1. Preparazione di acidi grassi integrato multimediale
- Misurare componenti multimediali in un pallone di dimensioni adeguate. Per 1 L, aggiungere 17 g Bacto-agar, 2,5 g di triptone, 3 g di NaCl, 1 colesterolo ml 5 mg / ml disciolto in etanolo e 10 ml 10% tergitol disciolto in acqua.
- Aggiungere 80% del volume finale di acqua desiderata Millipore e autoclave media con bottiglie di vetro vuoto (uguale al numero di differenticoncentrazioni di acidi grassi da testare), e anche opportuno cilindri graduati.
- Media freddi in un bagnomaria regolato a 55 ° C. Mentre i media si raffredda preparare la soluzione madre di lavoro del sale di acido grasso di sodio rompendo aperta la fiala di vetro, utilizzando misure di sicurezza e garantire particelle di vetro non si mescolano con gli acidi grassi.
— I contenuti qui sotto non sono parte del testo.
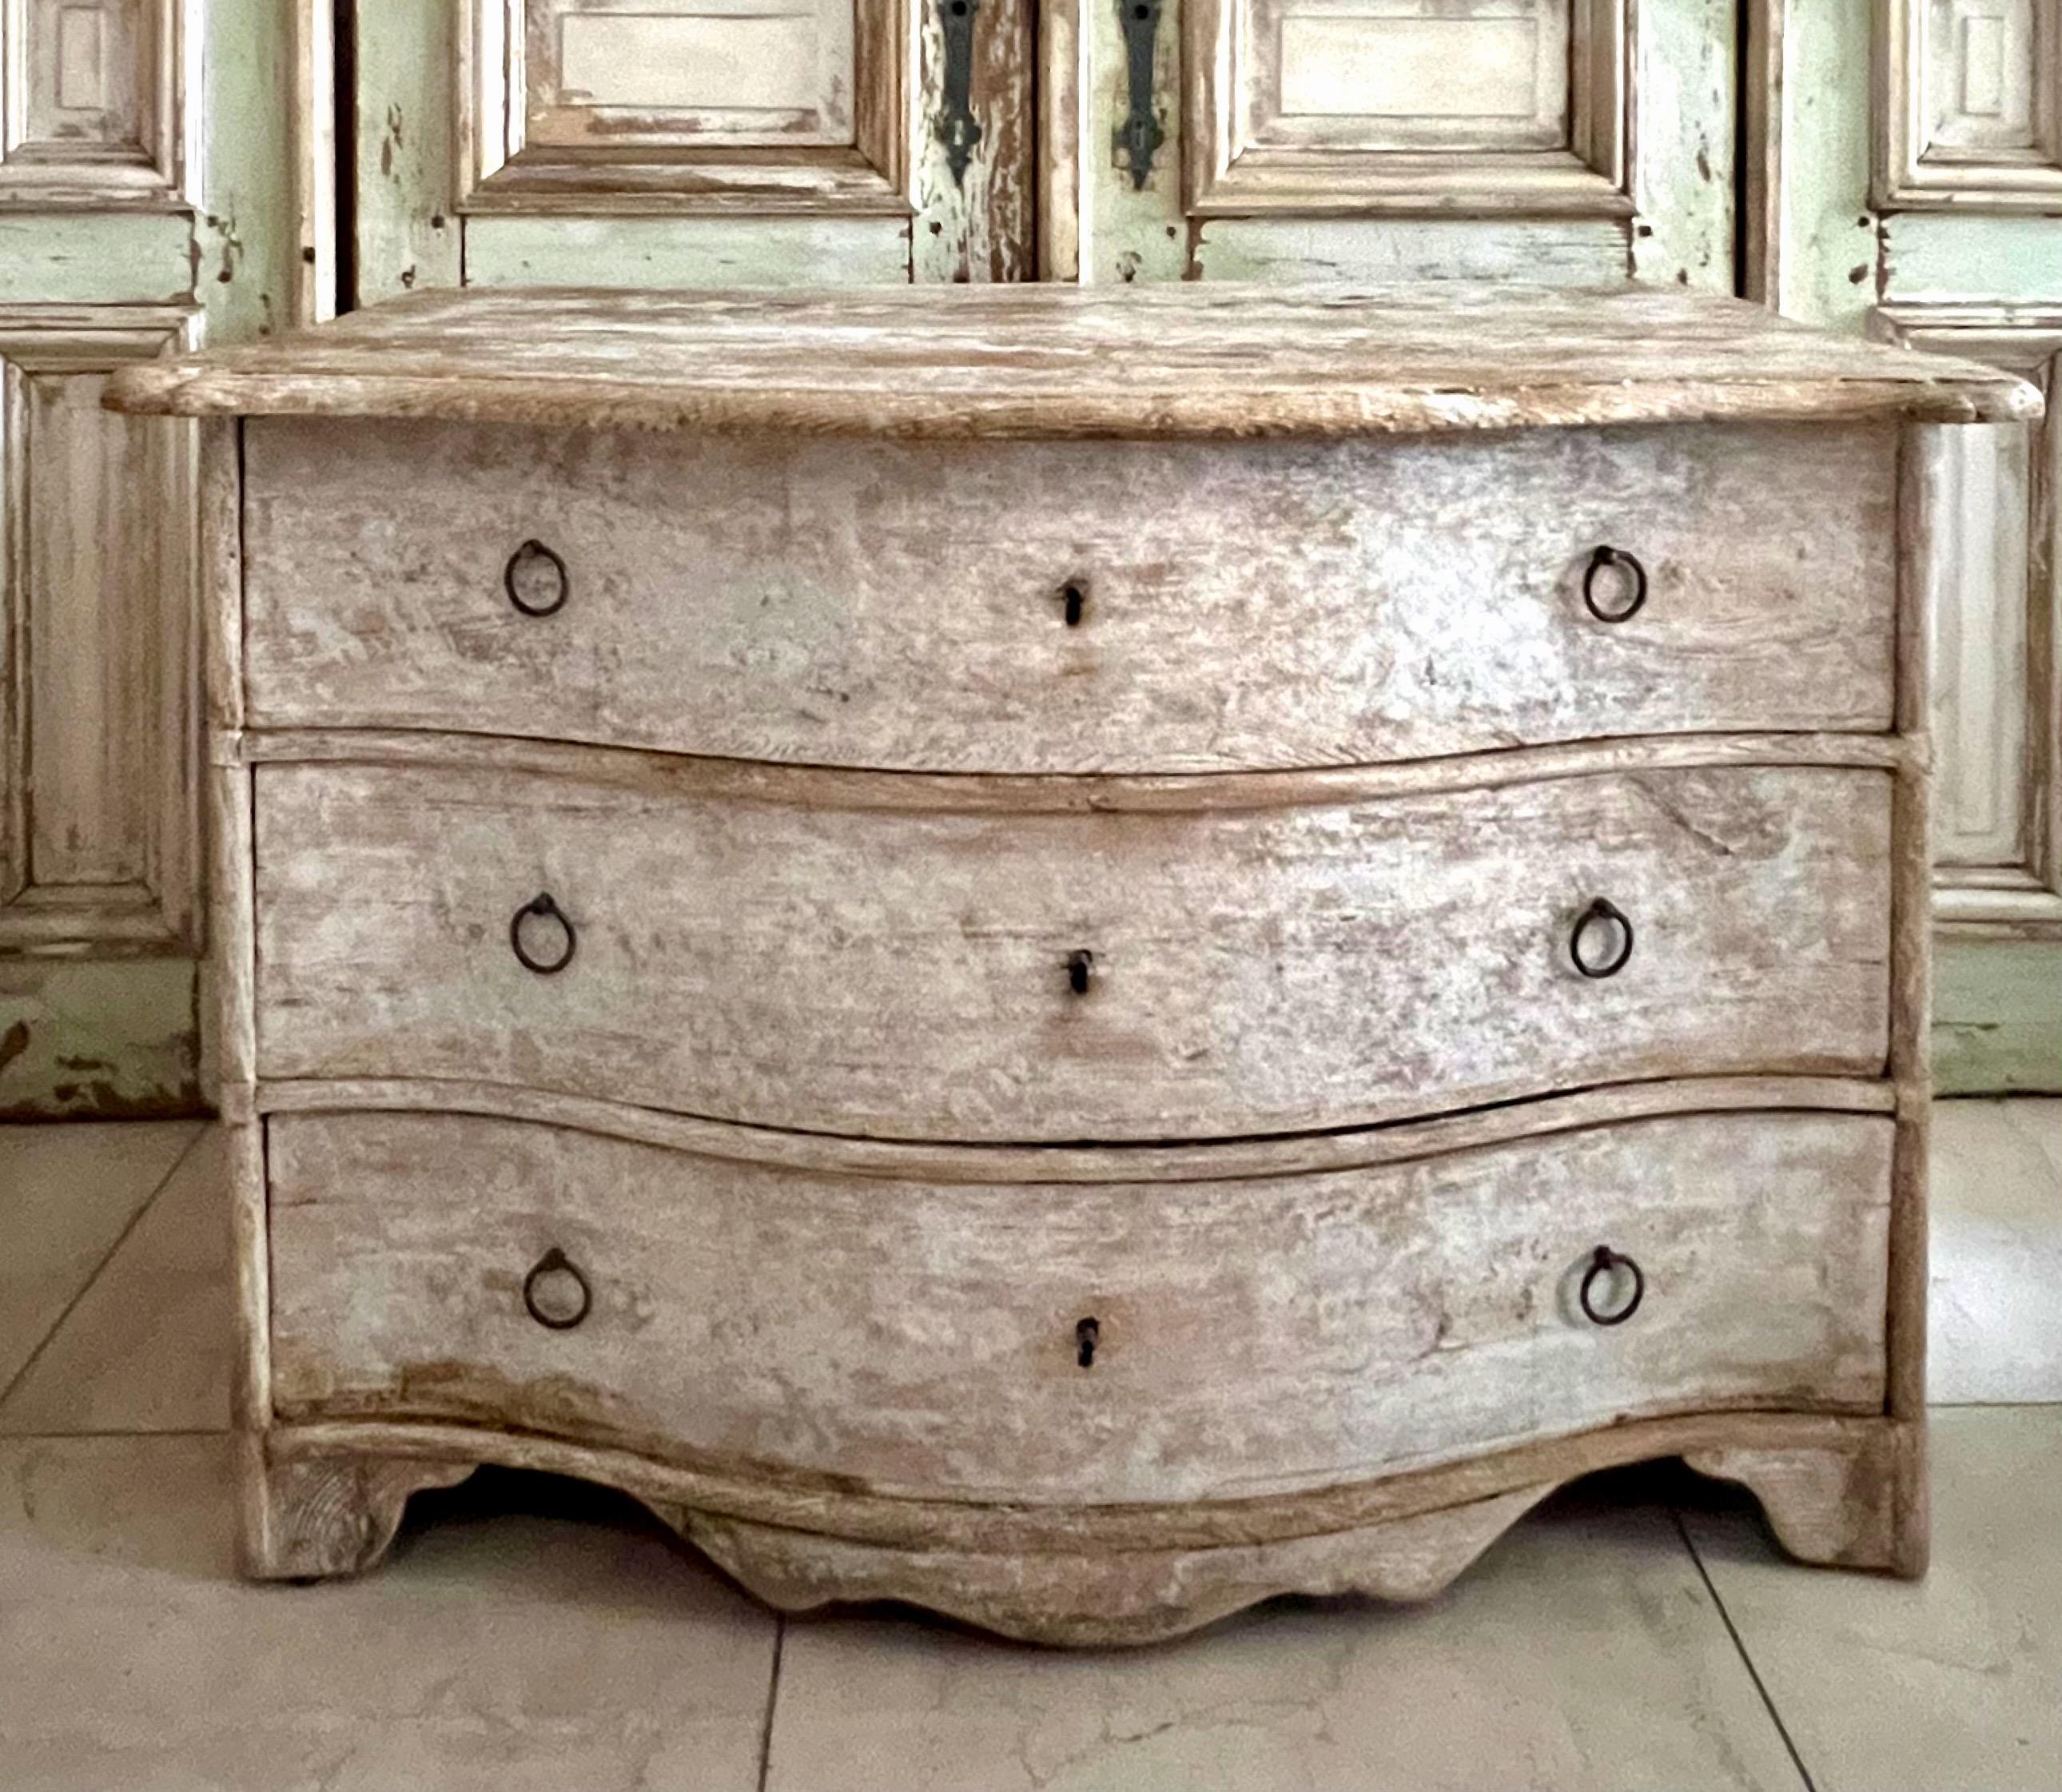 18th century chest of drawers from late Baroque period in richly carved curvaceous serpentine drawer fronts, shaped top and bracket feet in super worn patina.
Alsace, France.

Pesare acido grasso abbastanza per fare una scorta di lavoro 100 mm.
- Portare la soluzione di acido grasso ad una concentrazione finale di 100 mM con acqua purificata. Sciogliere completamente il sale di sodio dell'acido grasso richiede in genere circa 20-30 min. Spurgare il lavoro stock di acido grasso con argon o azoto, perché il contatto con un gas inerte impedisce l'ossidazione. Tappare il flacone e conservare lo stock lavorare al buio fino a quando i media si è raffreddato.
- (Facoltativo) Se si desidera RNAi supporto, misurare ampicillina e soluzioni isopropil β-D-1-thiogalactopyranoside (IPTG) qui.
- Quando l'agar è raffreddato a 55 ° C per aggiungere 1 L: 1ml di 1 M MgSO4, 1 ml di 1 M CaCl 2, e 25 ml di tampone fosfato (108,3 g KH 2 PO 4 e 35,6 g K 2 HPO 4 per 1 L autoclavato). Aggiungere la soluzione IPTG se la fabbricazione di piastre di RNAi filtro ampicillina sterilizzato e. Per tutti i tipi di piastre, aggiungere acqua sterile per portare il volume finale a supporti 1 L.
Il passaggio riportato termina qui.